:: DATASET EXCERPT ::

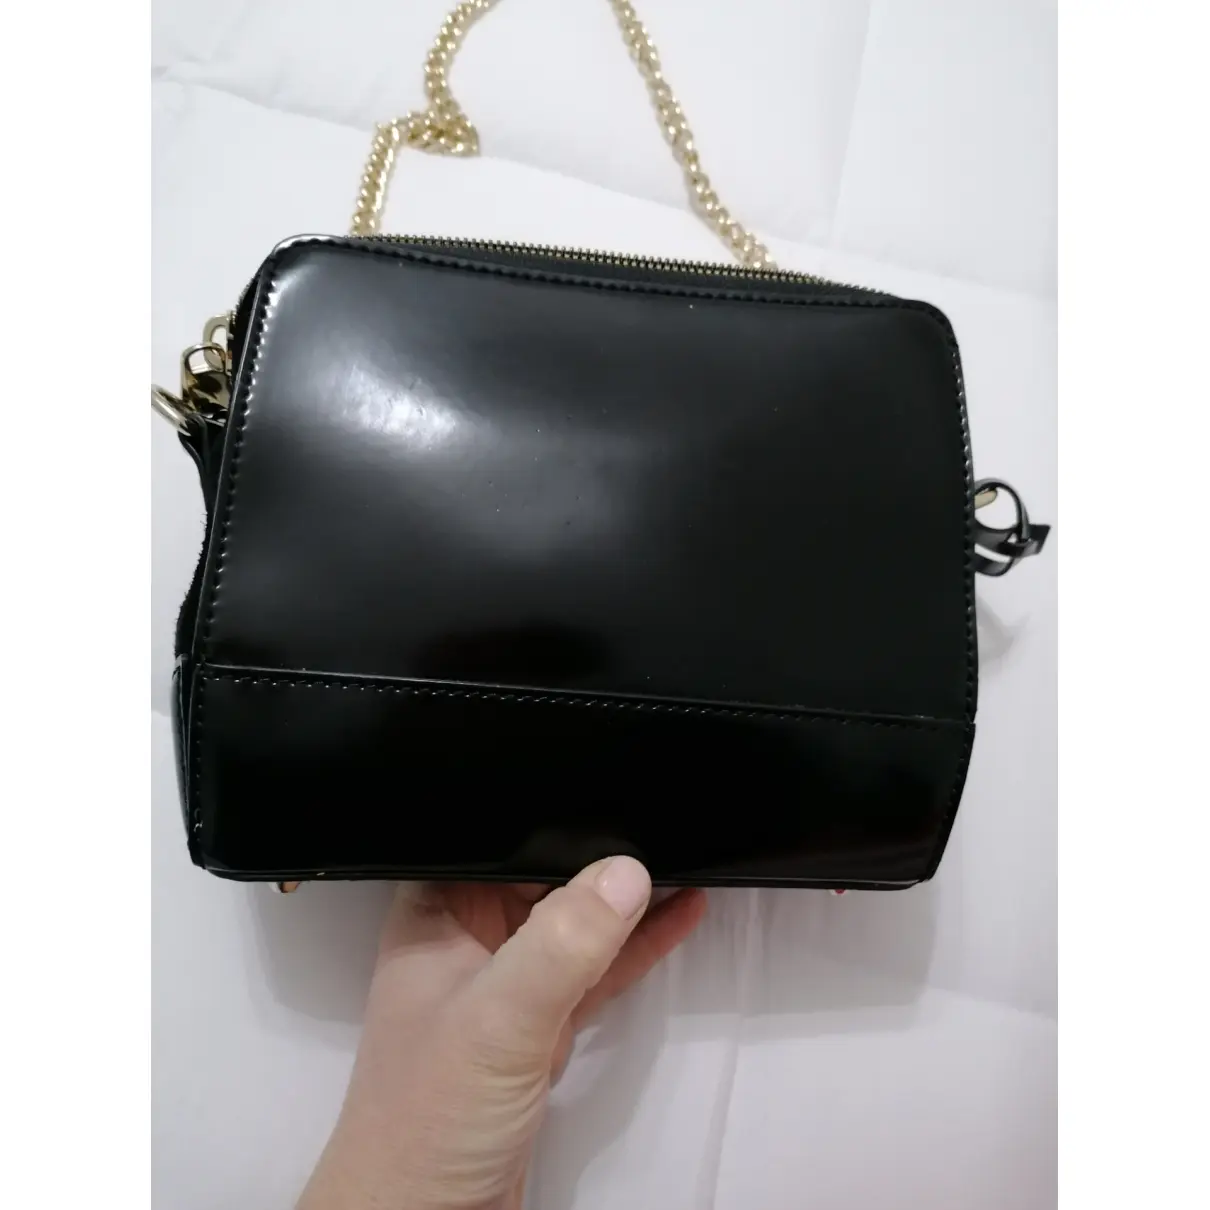 Buy Cromia Vegan leather clutch bag online
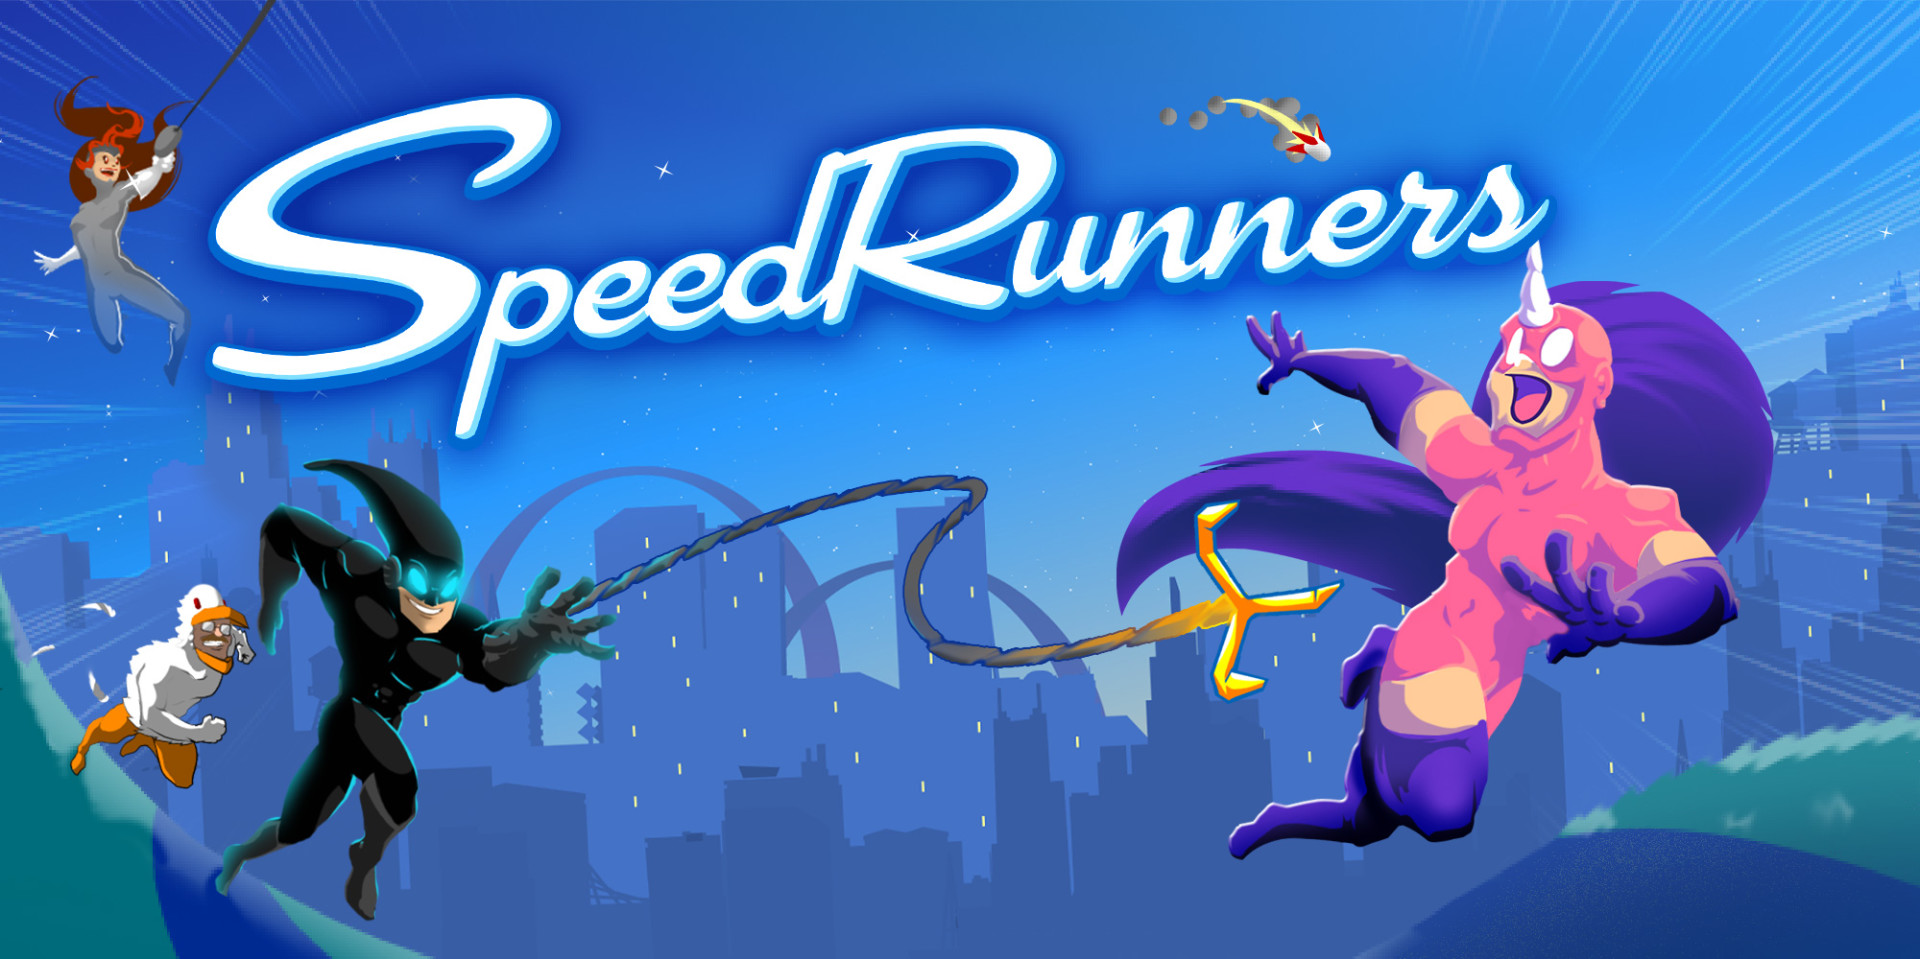 speedrunners game cheat engine
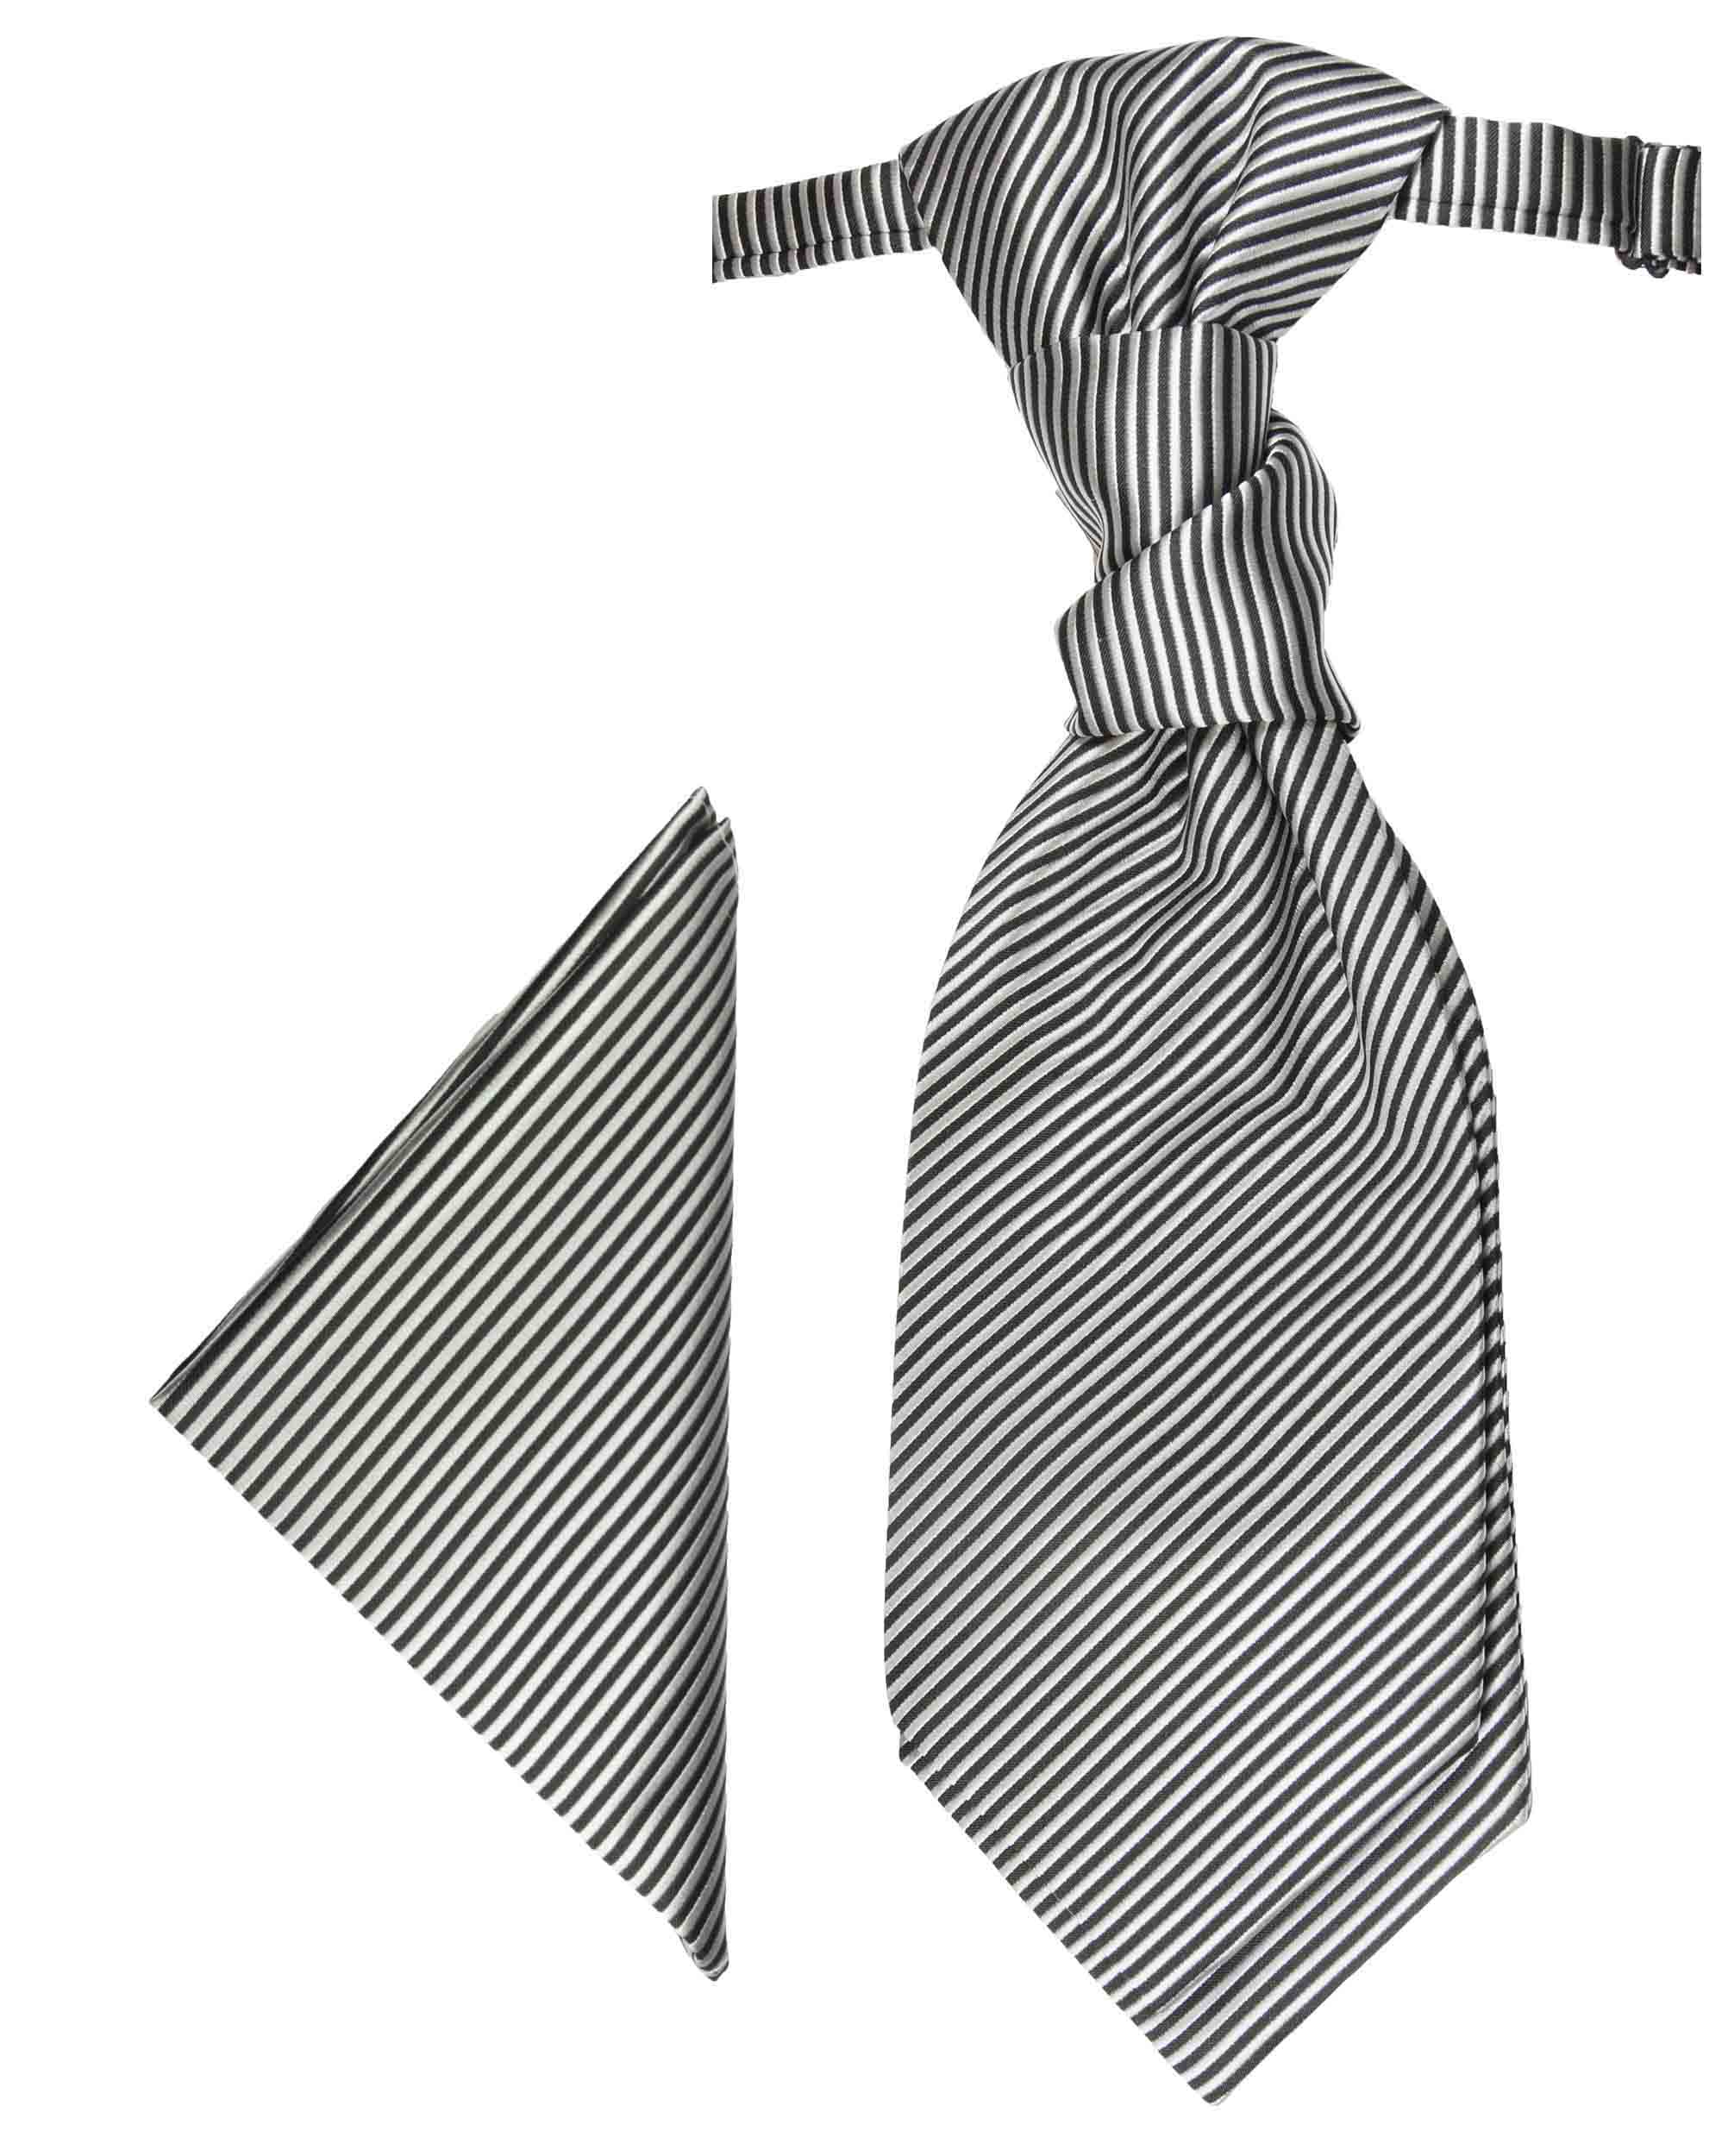 USED Cravat Necktie Pretied BLACK/SILVER STRIPE SC803

:::

#### TASK DESCRIPTION
Exclude the images and output the lines above exactly.

#### TASK ANSWER
 Buy Cromia Vegan leather clutch bag online
 speedrunners game cheat engine
 USED Cravat Necktie Pretied BLACK/SILVER STRIPE SC803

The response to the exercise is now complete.